Isabela Figueiredo disse...
Este comentário foi removido por um gestor do blogue.
Isabela Figueiredo disse...

Não é impossível que o homem sem testículos venha a ser o próximo presidente. Não está esquecido, claro. Espera melhor oportunidade. Sabe esperar.

aRMAS disse...

Eu estava tentado a fazer alguma piada fácil, com o facto dele não ter testículos e portanto não se revoltar.

Mas depois reflecti um bocado melhor sobre essa situação. Sobre essas traições.

A conclusão fácil é que nessas pessoas não existe espaço para a honra. Todas têm um preço, e pelos vistos o preço é bastante baixo.

Outra conclusão possível, é a da fé nas pessoas. Acreditar que por razões de força maior neste momento é necessário agir dessa forma.
E que essas razões de força maior dizem respeito ao povo, e não a um punhado de "pessoas".

Muito "poético" isto. Mas sinceramente, não sei qual conclusão devo tomar para mim.
Se devo guardar na memória a má referência, ou a boa.

125_azul disse...

Achas que um dia eles se cansam???

isabel mendes ferreira disse...

com essse percurso recuso-me a acreditar que ainda se espante...:)embora saiba por experiencia que o espanto ainda é uma das armas possíveis para alcançar a generosidade...

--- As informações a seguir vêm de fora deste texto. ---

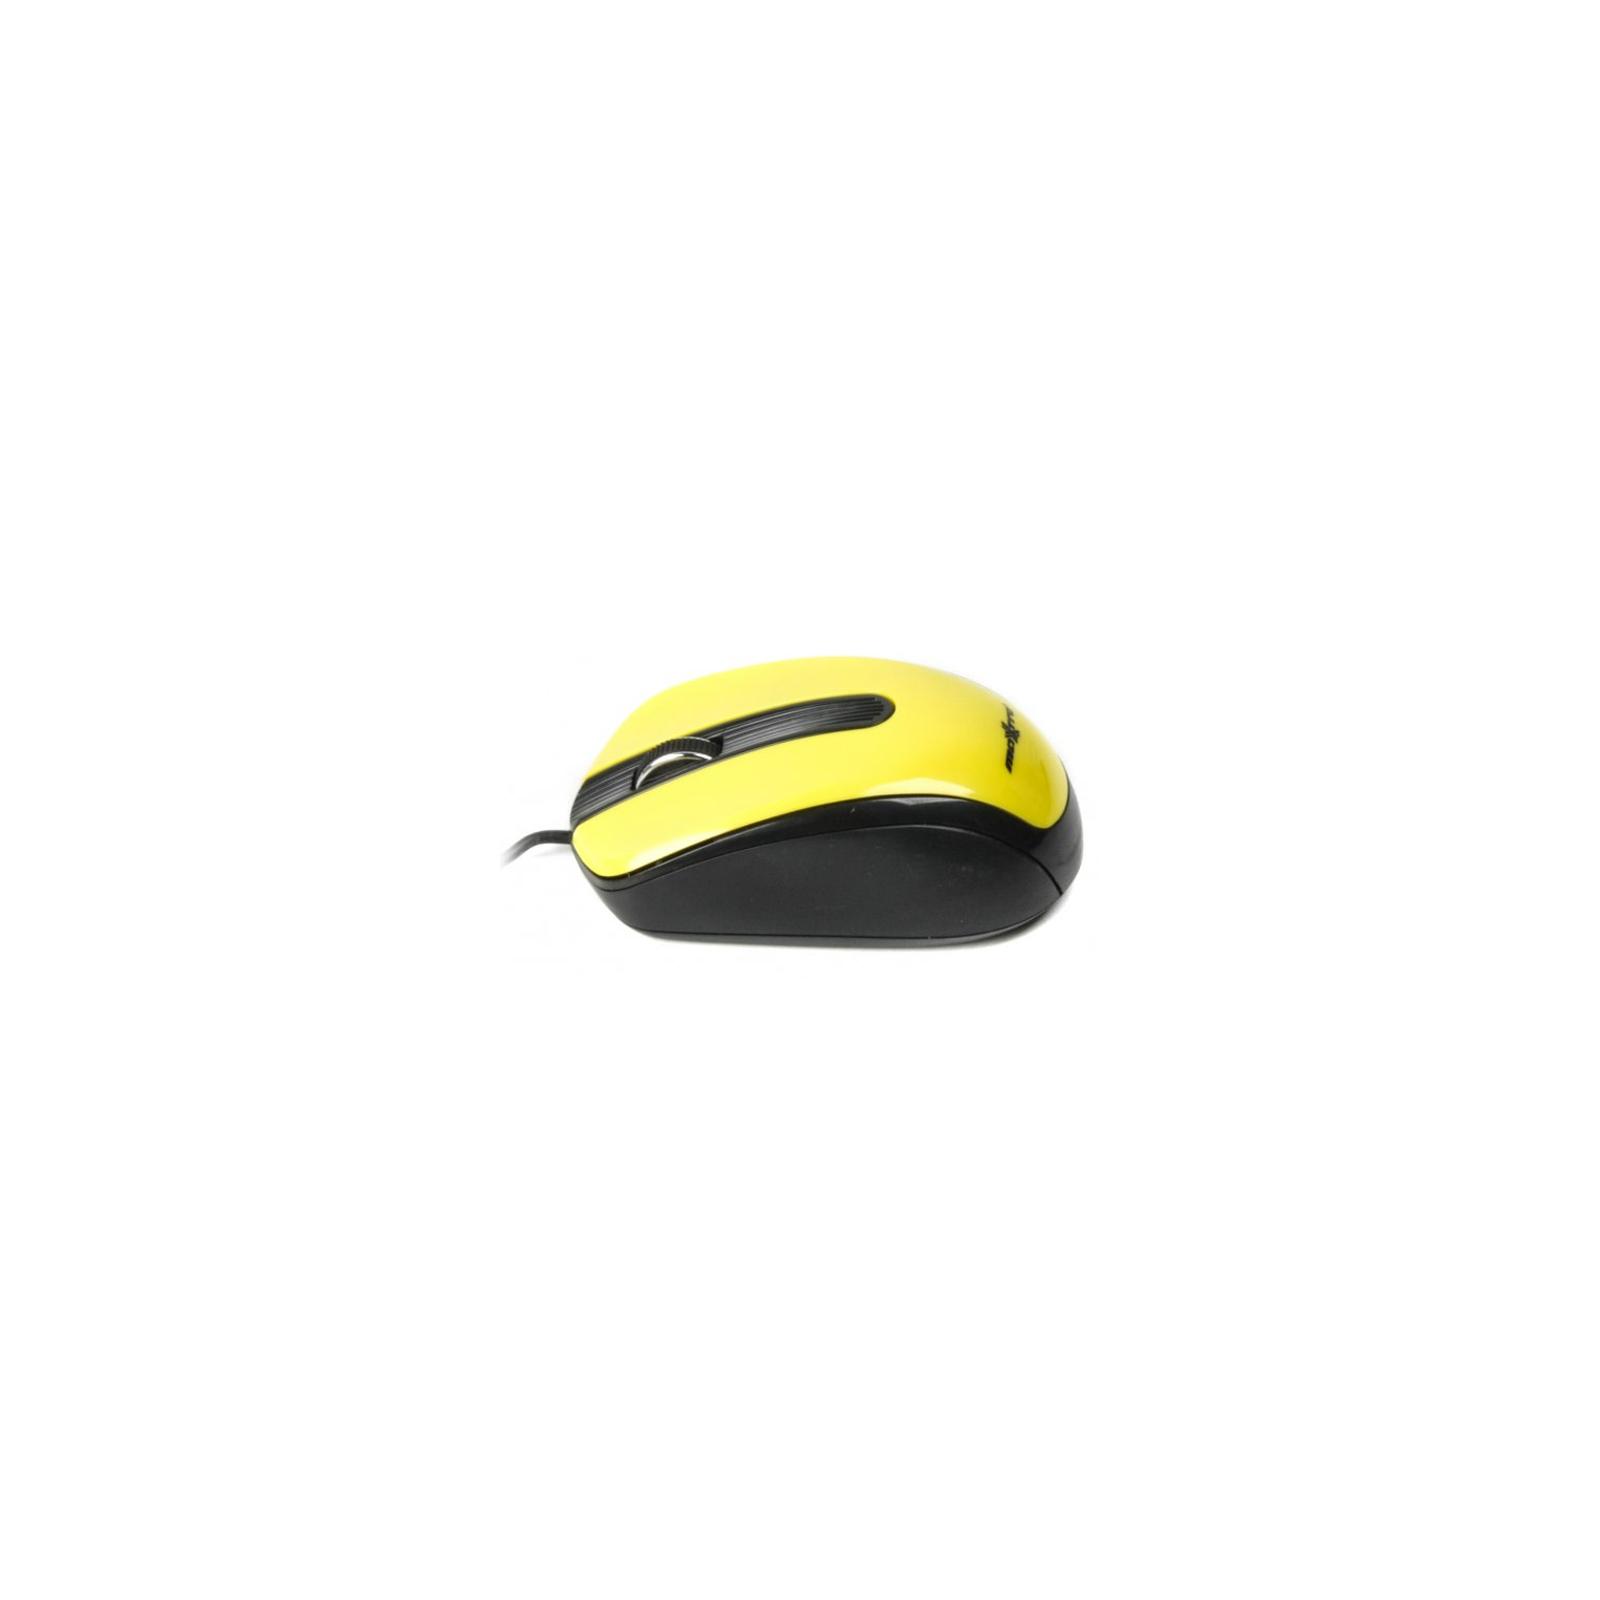 Мышка Maxxter Mc-325-Y изображение 2

__________________um post à sua medida...
_________________abraço.

escrevi disse...

Concordo com o comentário que fizeste no meu blog. Mas...
Às vezes ainda me dou ao luxo de sonhar...

Um beijo.

aquiperto disse...

Coitados dos guineenses... terem que suportar de novo esse grande amigo do Major Valentão... Será que o Nino também lucrou com o "negócio das batatas" no tempo da guerra colonial? Mas o que acho mesmo estranho, é que nos "nossos media" nem sequer seja referida esta guerra de Casamança... Porque será? Será que o Carlos Narciso, que conhece o "milieu" me poderá responder?

CN disse...

Aquiperto, são várias as razões:
1- o governo guineense não deseja muito barulho à volta deste assunto;
2- os patrões dos media portugueses não querem gastar dinheiro com enviados-especiais;
3- a Guiné Bissau não "vende" papel nem espaços publicitários, de modo a tornar aliciante um eventual investimento na cobertura do tema;
4- as redacções estão cada vez mais amorfas e submissas aos ditames do patronato que, assim, se imiscue nos assuntos editoriais dos media que controlam.
É capaz de haver mais umas quantas razões, mas estas chegam para se entender o problema.

aquiperto disse...

Era o que eu suspeitava, meu caro Carlos Narciso... Felizmente, que vão existindo uns blogs, como o seu, para que a Informação exista... Bem Haja a Blogsfera.
1 @braço,
JP Peixoto

jodisama disse...

Boas Carlos Narciso.
Eu sou daqueles que passou o 7 de junho no Vidigueira.
Um abraço

ELCAlmeida disse...

Meu caro Carlos Narciso
Quase três anos depois tudo se consumou.
Esperemos que agora a Guiné-Bissau possa começar a respirar um pouco melhor.
Abraços
Eugénio Almeida

Thandive Sila disse...

"Nino e Tagma já se atraiçoaram mutuamente e combateram um contra o outro. Hoje estão amigos e aliados. Mas se, um dia destes, um deles não acordar, não me surpreende."
Engraçado como conseguiu prever o acontecimento.
Pessoalmente, nao sabe a dor que sinto ao ver o meu país como palco de atrocidades toda a hora, o país tem potencialidades, mas voltar para lá para tentar mudar o sistema significa no minimo dos mínimos perda de anos da nossa vida em vão , e no máximo perseguição e perda da própria vida. É a realidade, debato me com isso diariamente e o meu coracao encontra se cada vez mais amargurado.
Todavia, dou lhe os parabens pelo site e pelas matérias. Gostei muito do site.
Respeitosamente,
T.R.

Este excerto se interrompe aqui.